Example: Proline - QC-at-Davis/ALALI GitHub Wiki

Now, let's go over a real example: the amino acid Proline!

ALALI can be easily imported with:

import ALALI

From there, a molecule instance can be created. We'll need the SMILES string for proline, which can be found easily on PubChem.

# proline smiles is C1CC(NC1)C(=O)O
proline = ALALI.molecule("C1CC(NC1)C(=O)O", "smi")

For more information on molecule parameters, including how to remove hydrogens, simply enter

help(ALALI.molecule)

By default, hydrogens will be added to the molecule, a 3D conformation will be generated, and the class will automatically generate everything that we need to continue, including a pytket circuit, networkx graph, and RDKit molecule. These can be accessed as molecule attributes, as seen below.

All three representations rely on an atom index number. Each atom is indexed with an integer.

  • See RDKit documentation for working with RDKit molecules.
  • See networkx documentation for working with the networkx graph (Nodes are labelled with the atom index, and have the attribute 'symbol' to store the element type. Edges have the attribute 'type' to store the number of bonds)
  • See pytket documentation for working with the Pytket circuit objects (Pytket.circuit.Circuit)
pytket_circuit = proline.circuit
networkx_graph = proline.graph
rdkit_molecule = proline.mol

Now, we can output a .mol file (RDKit molecule), .graphml file (Networkx graph), and .txt file (Pytket circuit commands)

proline.output("proline")

These files will be saved to the working directory as proline.txt, proline.graphml, and proline.txt

Now, one might be interested in routing the Pytket circuit to an architecture. A list of available architectures is available here:

help(ALALI.ibm)

Our existing circuit can now be routed to the IBM tokyo 20-qubit machine with a simple command:

routed_circuit = ALALI.route_circuit(proline.circuit, ALALI.ibm.ibmq_20_tokyo)

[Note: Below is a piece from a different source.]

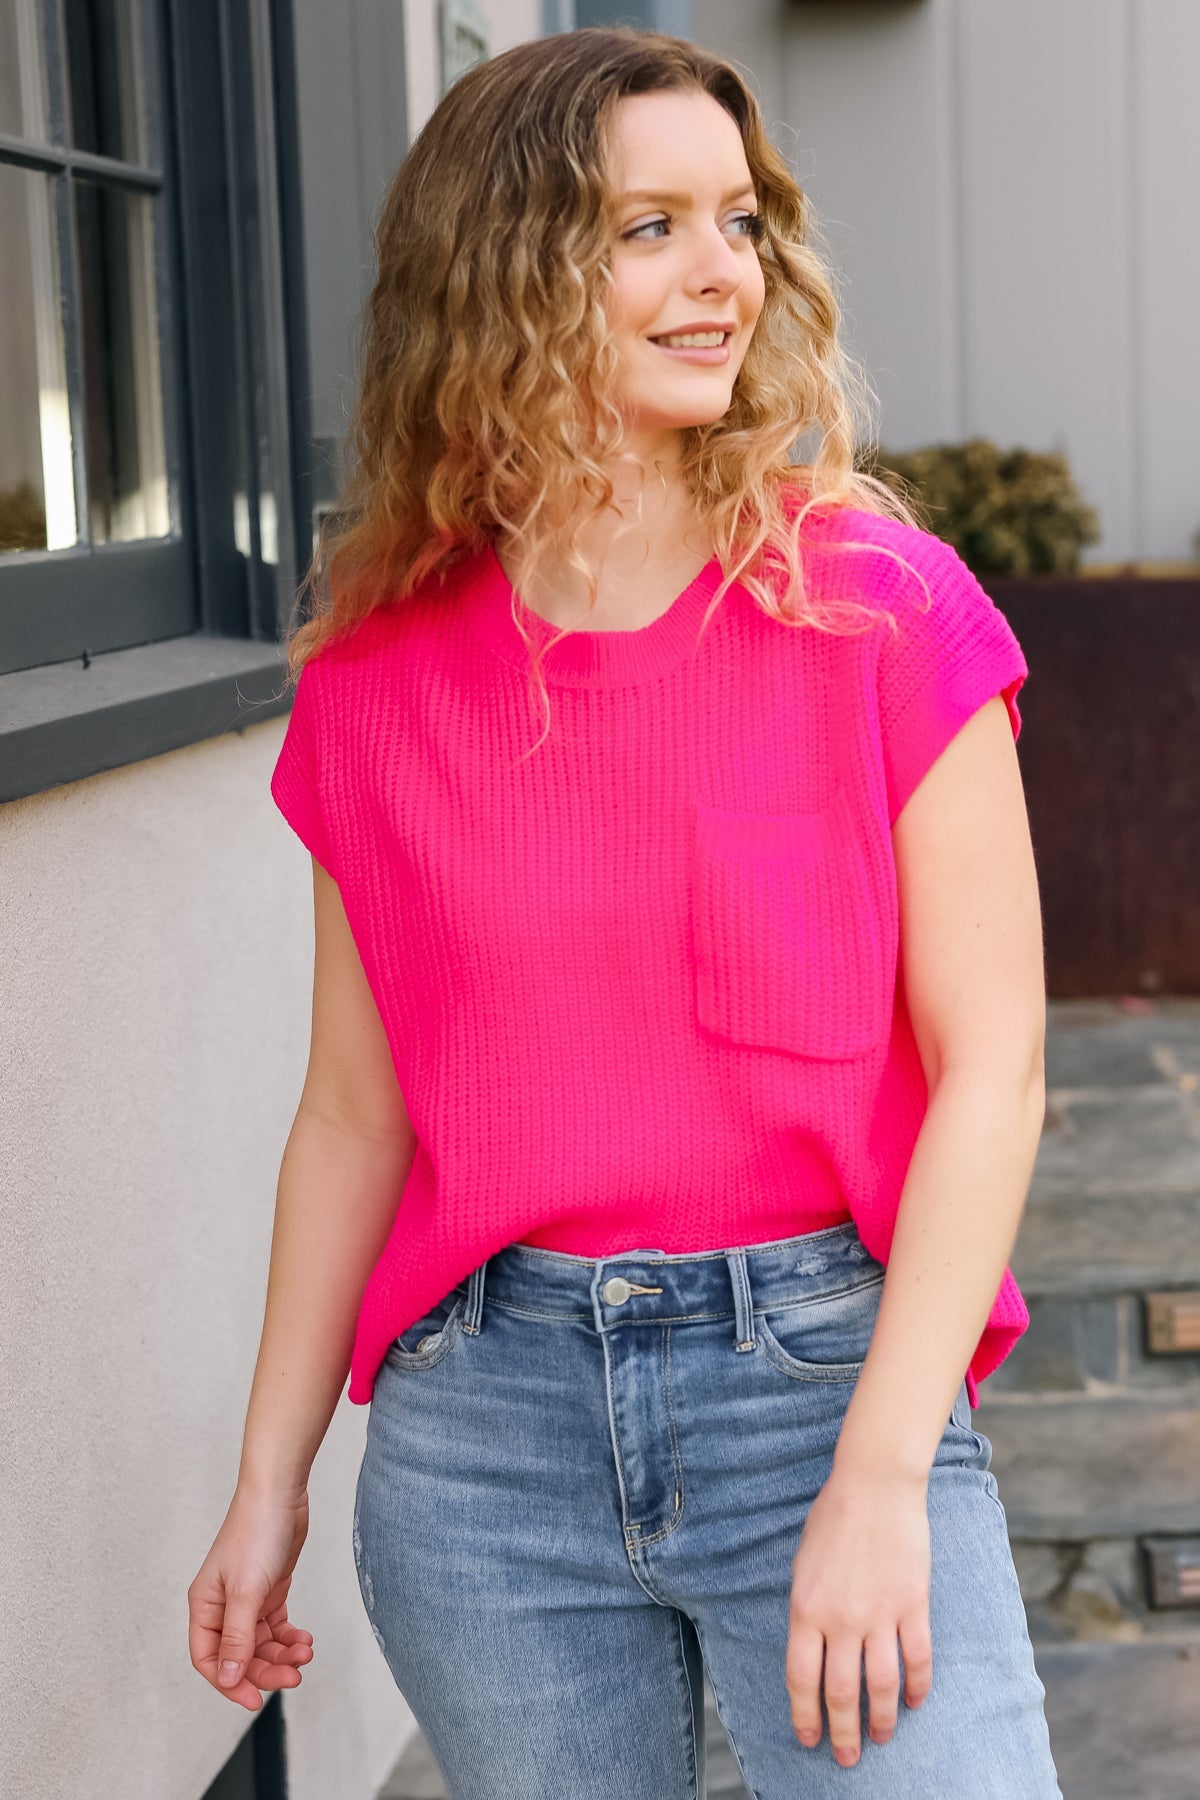 Best In Bold Sweater Top in Hot Pink

Let's say that we don't want any BRIDGE or SWAP gates in our circuit. This could be useful because IBMQ doesn't support BRIDGE gates. We can do this with:

decomposed_circuit = ALALI.decompose_circuit(routed_circuit, 1)
# For the second parameter, using 1 will result in no BRIDGE gates and 2 will result in a fully decomposed circuit (including any SWAPs that can be decomposed)

Now we can have an IBMQ compatible circuit with the command:

ibm_circuit = ALALI.circuit_to_ibm(decomposed_circuit)
print(ibm_circuit) #Print the circuit

That's it! For more documentation, please use the help() function. More documentation is on the way. Of course, you now have access to RDKit/Networkx/Pytket molecule representations, so you can do whatever you want with those.